We see improved classification by weighting in-game actions. The penalty choice in robust criteria influences which interactions persist for both unweighted and weighted variables. RAIC, RBIC, and GIC ${}_{\alpha}$ effectively manage high-leverage matches, producing subtle shifts in coefficients (e.g. offsides, corners, penalties) when adjusting the penalty. By bounding residuals, robust estimators reduce outlier effects around referee events, with fewer influential points and better diagnostics. Matches with extreme refereeing often show high residuals, but stepwise RAIC/RBIC selection refines residual diagnostics at different minutes. The $n^{\alpha}$ component balances predictive accuracy and parsimony, though a more extensive set of checks is advisable. Combining Cantoni–Ronchetti estimators with GIC ${}_{\alpha}$ is promising, and further refinements will be investigated.

References

E. Cantoni and E. Ronchetti (2001) Robust inference for generalized linear models. Journal of the American Statistical Association 96 (455), pp. 1022–1030. Cited by: §1, §2.2.
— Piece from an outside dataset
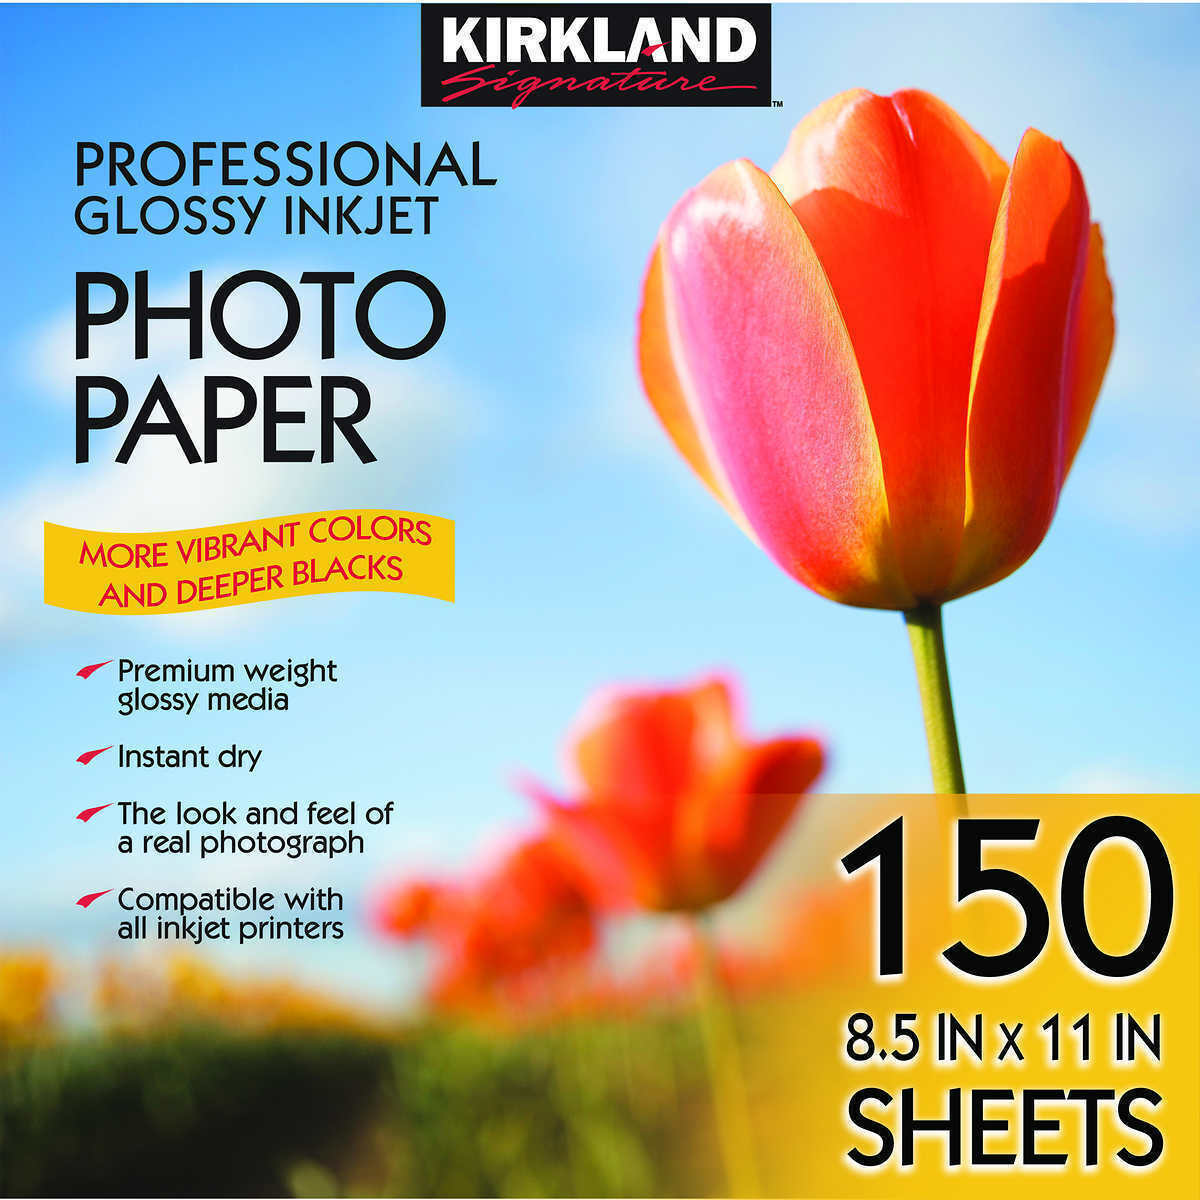 Kirkland Professional Glossy Photo Paper - 8.5 x 11 (150 Sheets) FAST SHIPPING
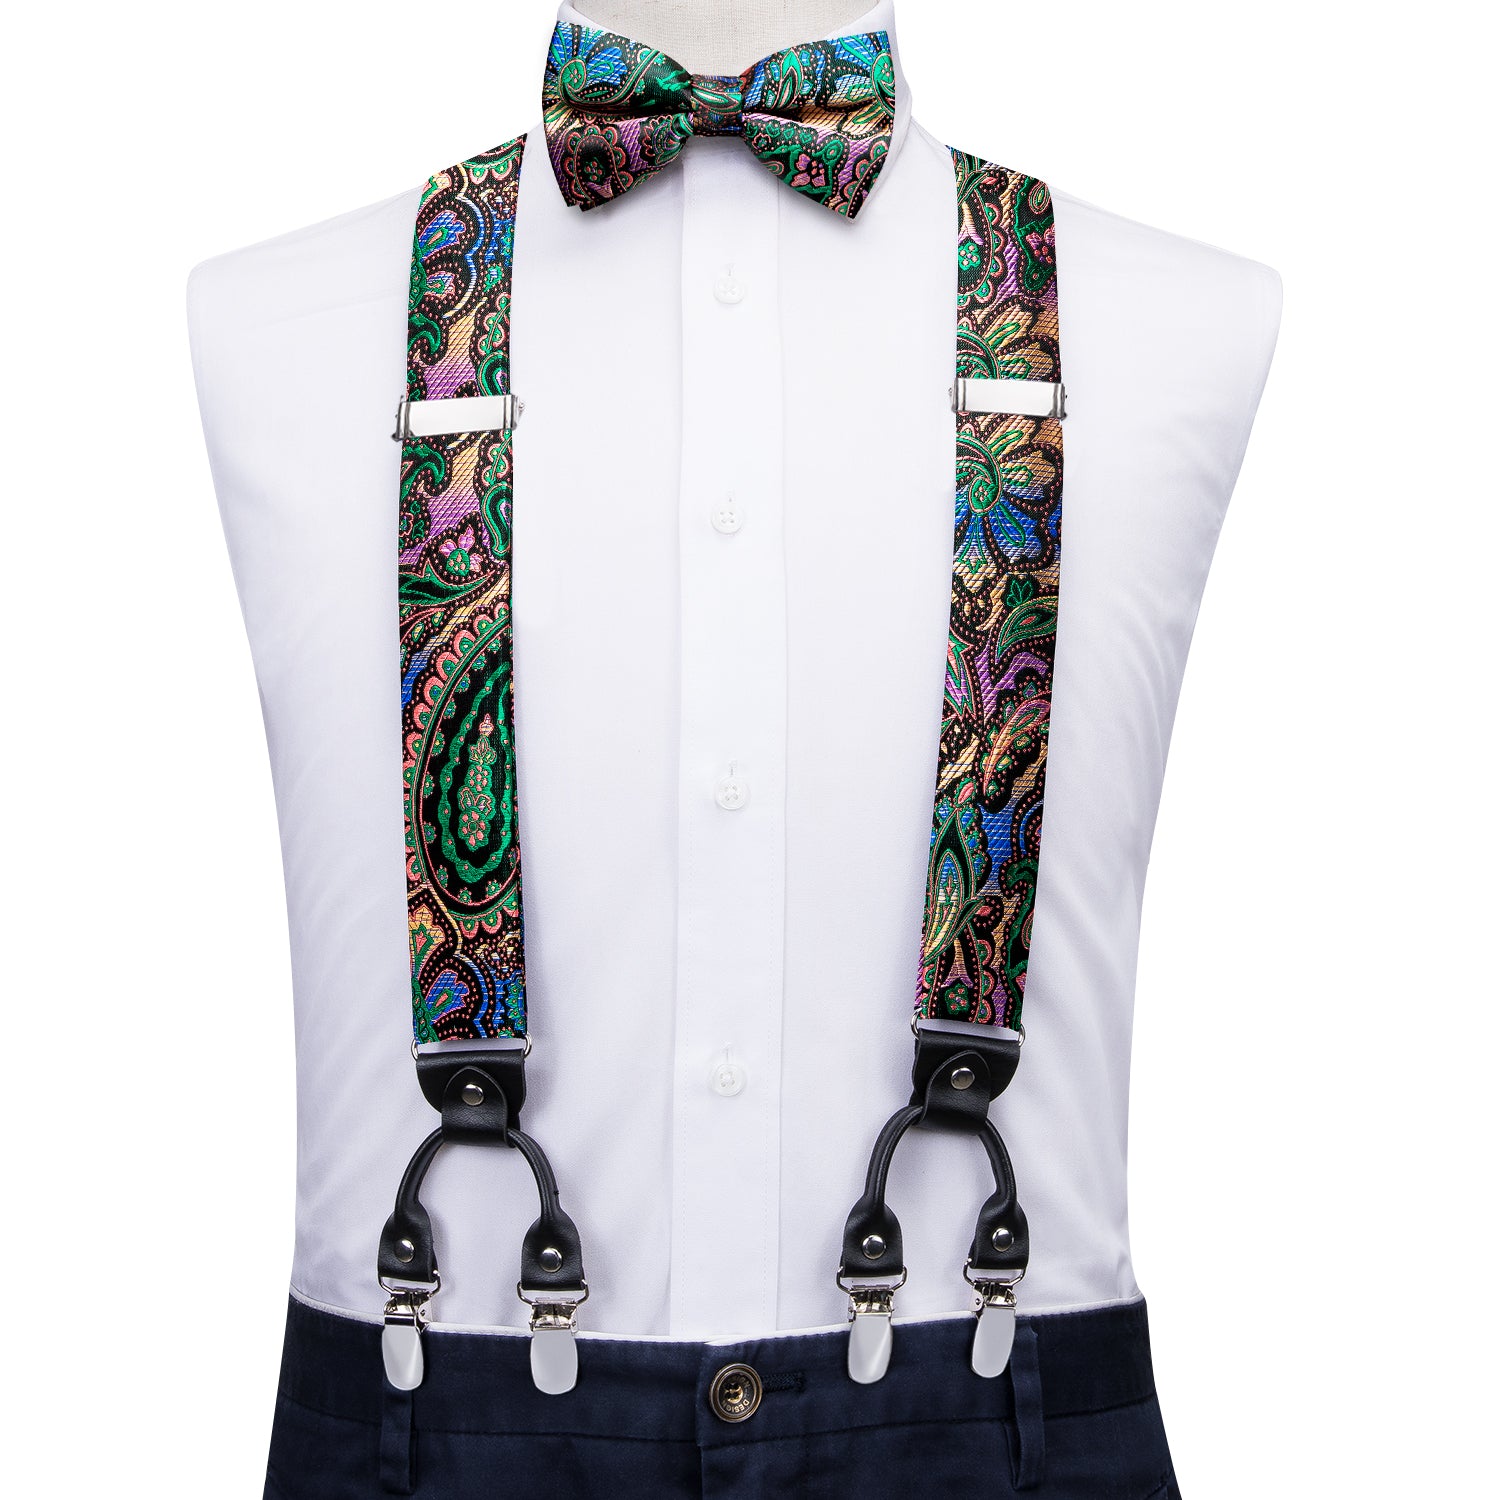 New Colorful Paisley Men's Suspender Bowtie Pocket Square Cufflinks Set

S. Heritier, E. Cantoni, S. Copt, and M.-P. Victoria-Feser (2009) Robust methods in biostatistics. Wiley Series in Probability and Statistics. Cited by: §2.2.
H. L. Hsu, C. K. Ing, and H. Tong (2019) On model selection from a finite family of possibly misspecified time series models. The Annals of Statistics 47 (2), pp. 1061–1087. Cited by: §2.2.
S. Konishi and G. Kitagawa (1996) Generalized information criteria in model selection. Biometrika 83 (4), pp. 875–890. Cited by: §1, §2.2.
R. Shibata (1989) Statistical aspects of model selection. Springer. Cited by: §2.2.
R. K. W. Wong, F. Yao, and T. C. M. Lee (2014) Robust estimation for generalized additive models. Journal of Computational and Graphical Statistics 23 (1), pp. 270–289. Cited by: §1, §2.2.